10. The Court is not entirely unsympathetic with the Government's argument that the procedure employed was not unduly suggestive. If the Court applied the traditional test for evaluating suggestiveness of photographic array displays—the size of the array, the manner of its presentation by law enforcement officers, and the details of the photographs themselves, United States v. Perkins, 787 F.3d 1329, 1344 (11th Cir. 2015)—the Court likely would find it not unnecessarily suggestive. Aside from the single photograph and the fact that the photograph was a book-in photograph, the other factors in this analysis point to a finding of no undue suggestiveness. First, the manner of presentation was not suggestive. Hemphill's identification of McIntosh went solely to a person who matched the seller's appearance as described by the undercover agents. T1:50-51 (Hemphill testifying that he was looking for a black male, with a goatee, sunglasses, navy sweatshirt, dark jeans and black boots around the Cameron Alexander/James P. Brawley intersection, and he saw McIntosh at the location upon the uniformed officers' arrival). There is no indication that Aldrich directly spoke with Hemphill before she identified McIntosh through his book-in photo. Hemphill did not know if McIntosh was the person who sold heroin to Aldrich; all he knew was that, in his view, McIntosh matched the description the undercover agents had radioed a short time earlier. Moreover, Hemphill was not involved in the selection of the photograph that Aldrich viewed. Either Andresen or Aldrich herself pulled the photograph up in the APD database based on the name and date of birth provided by Hemphill/Lt. Ricker. In short, there was no undue pressure placed upon Aldrich by any person to get her to identify McIntosh as the heroin seller. Further, that the photograph used to make the identification did not show McIntosh wearing any of the clothing or sporting the type of facial hair or sunglasses that Aldrich observed during the heroin sale also shows that the presentation was not suggestive. Still, because binding precedent concludes that a single-photo showup is improperly suggestive, the Court assumes that the procedure here was unduly suggestive and turns to the questions of necessity and reliability.

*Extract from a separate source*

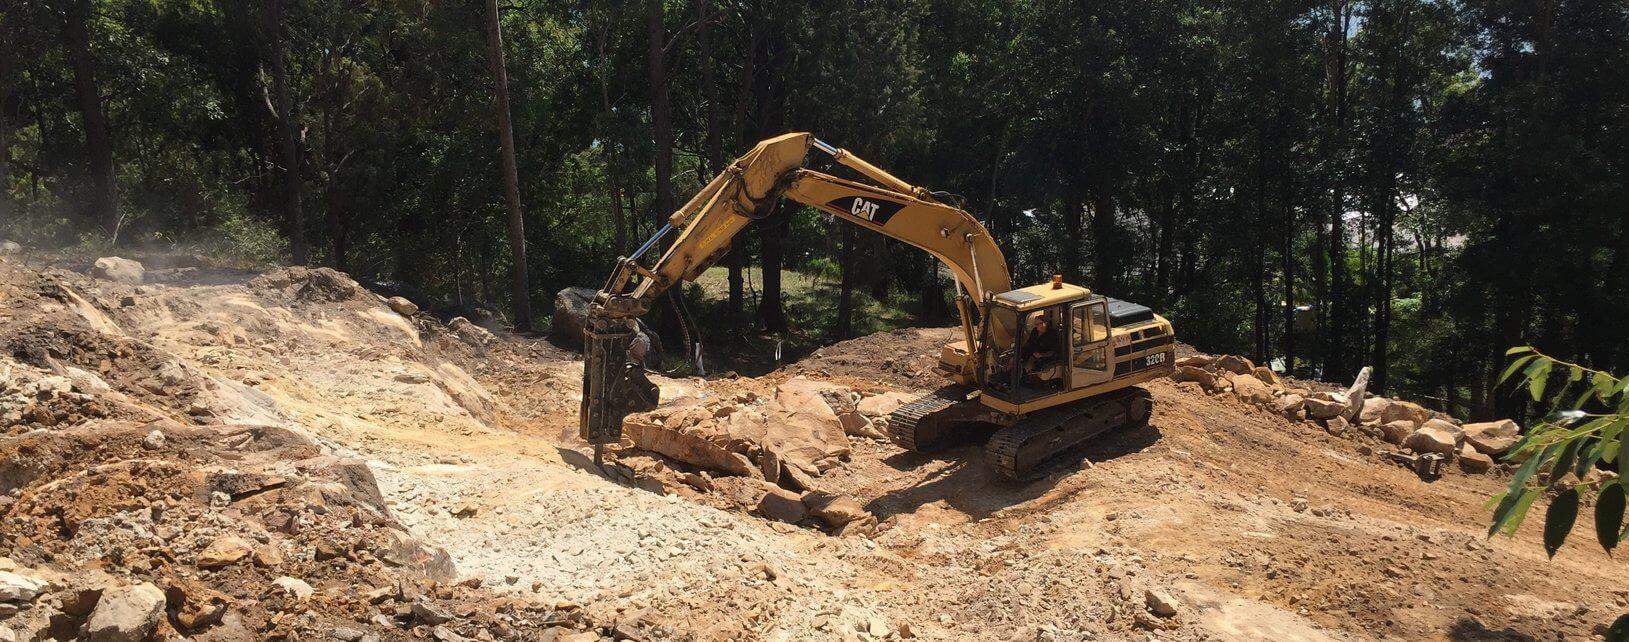 Rock Excavation - Blueprint Built
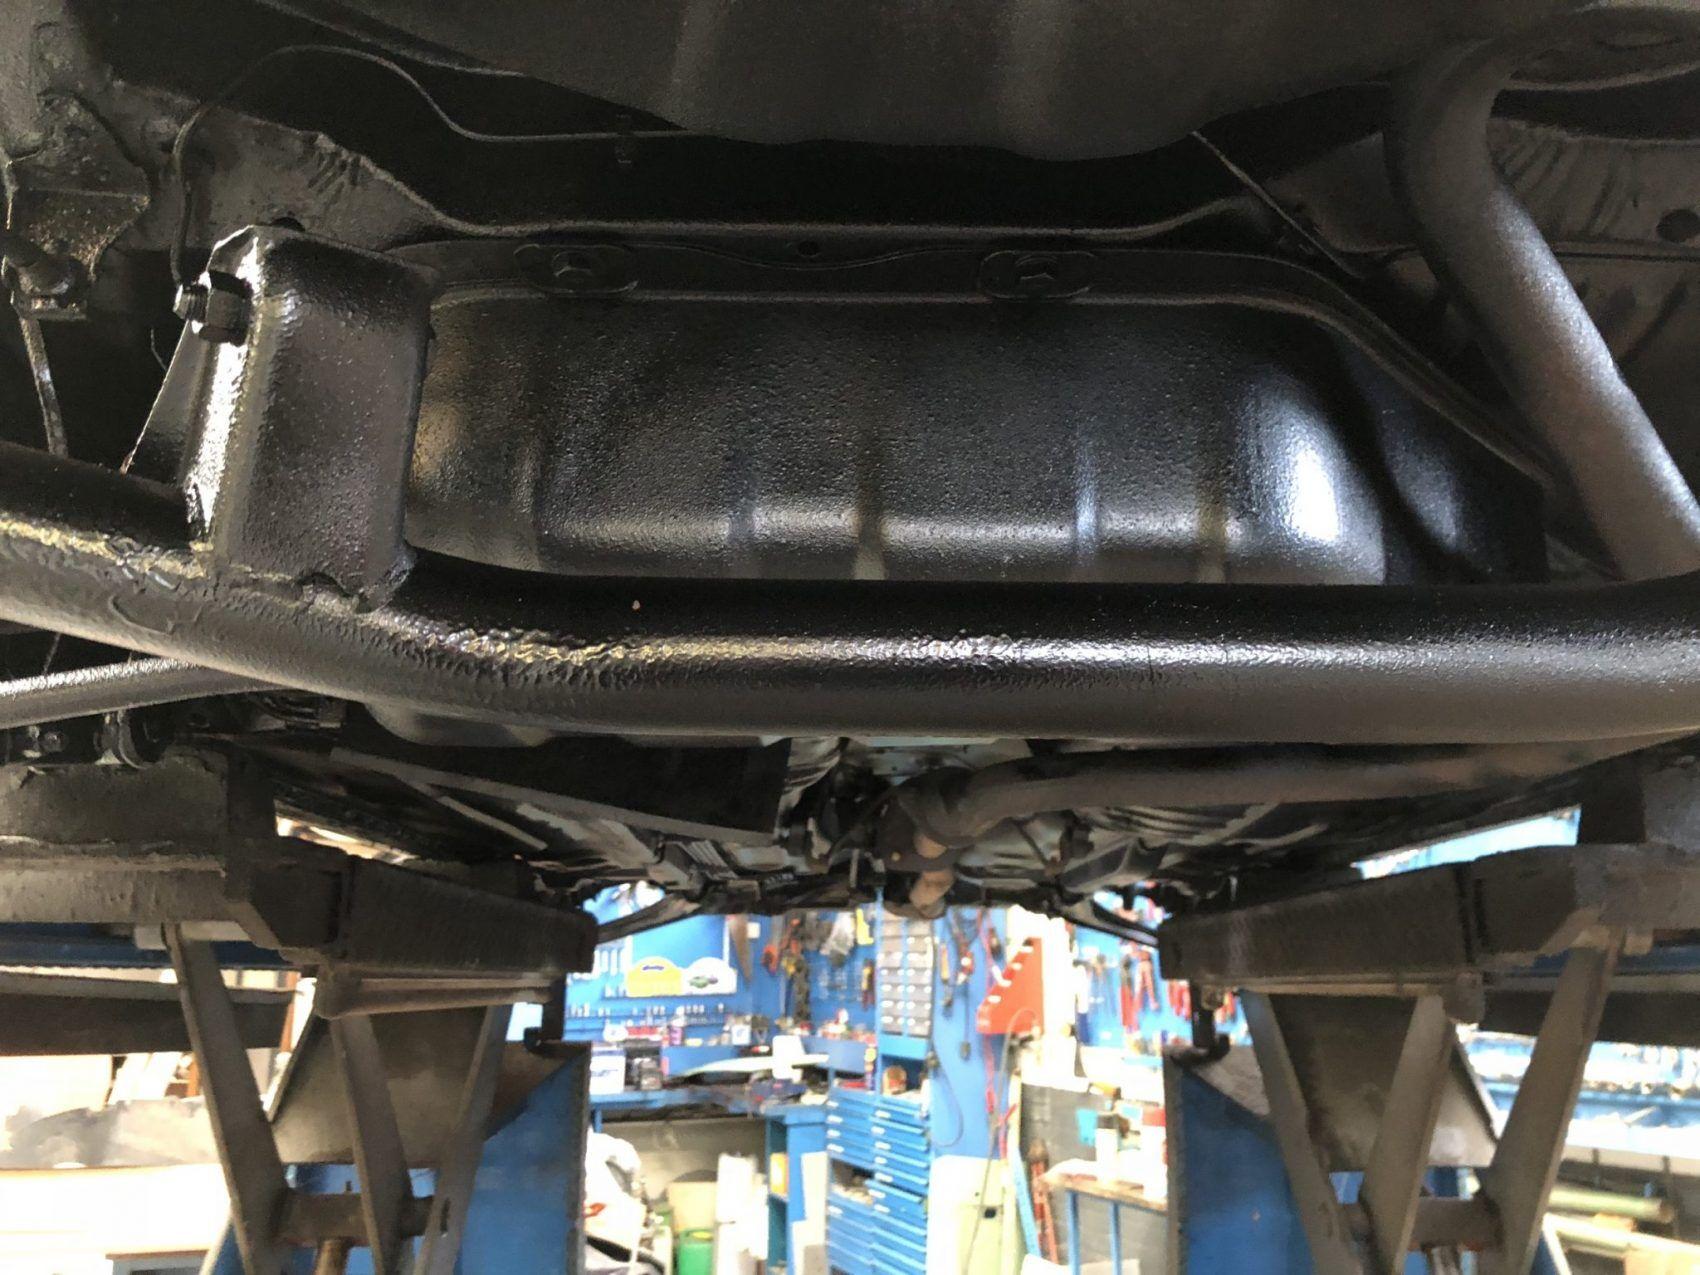 Nissan Figaro - Underbody coating

11. The Fifth Circuit has recognized that identifications in which a witness is shown only one person may not be unduly suggestive if the suspect is already known to the witness identifying him. United States v. Hefferon, 314 F.3d 211, 218-19 (5th Cir. 2002). That is not the case here.
12. The Court recognizes that there was a possibility that the phone number was not correct or not in McIntosh's name. However, there was no evidence introduced that the agents utilized the phone number as a mechanism to identify the seller.
13. The Court rejects the Government's somewhat-related argument that the possibility that a particular seller would not be prosecuted somehow militated against suggestiveness or necessity. The entire goal of the investigation was to buy heroin and identify suspects. That at some later point prosecutors decided not to prosecute some of the sellers is irrelevant to the investigation into which persons were selling heroin in the English Avenue neighborhood.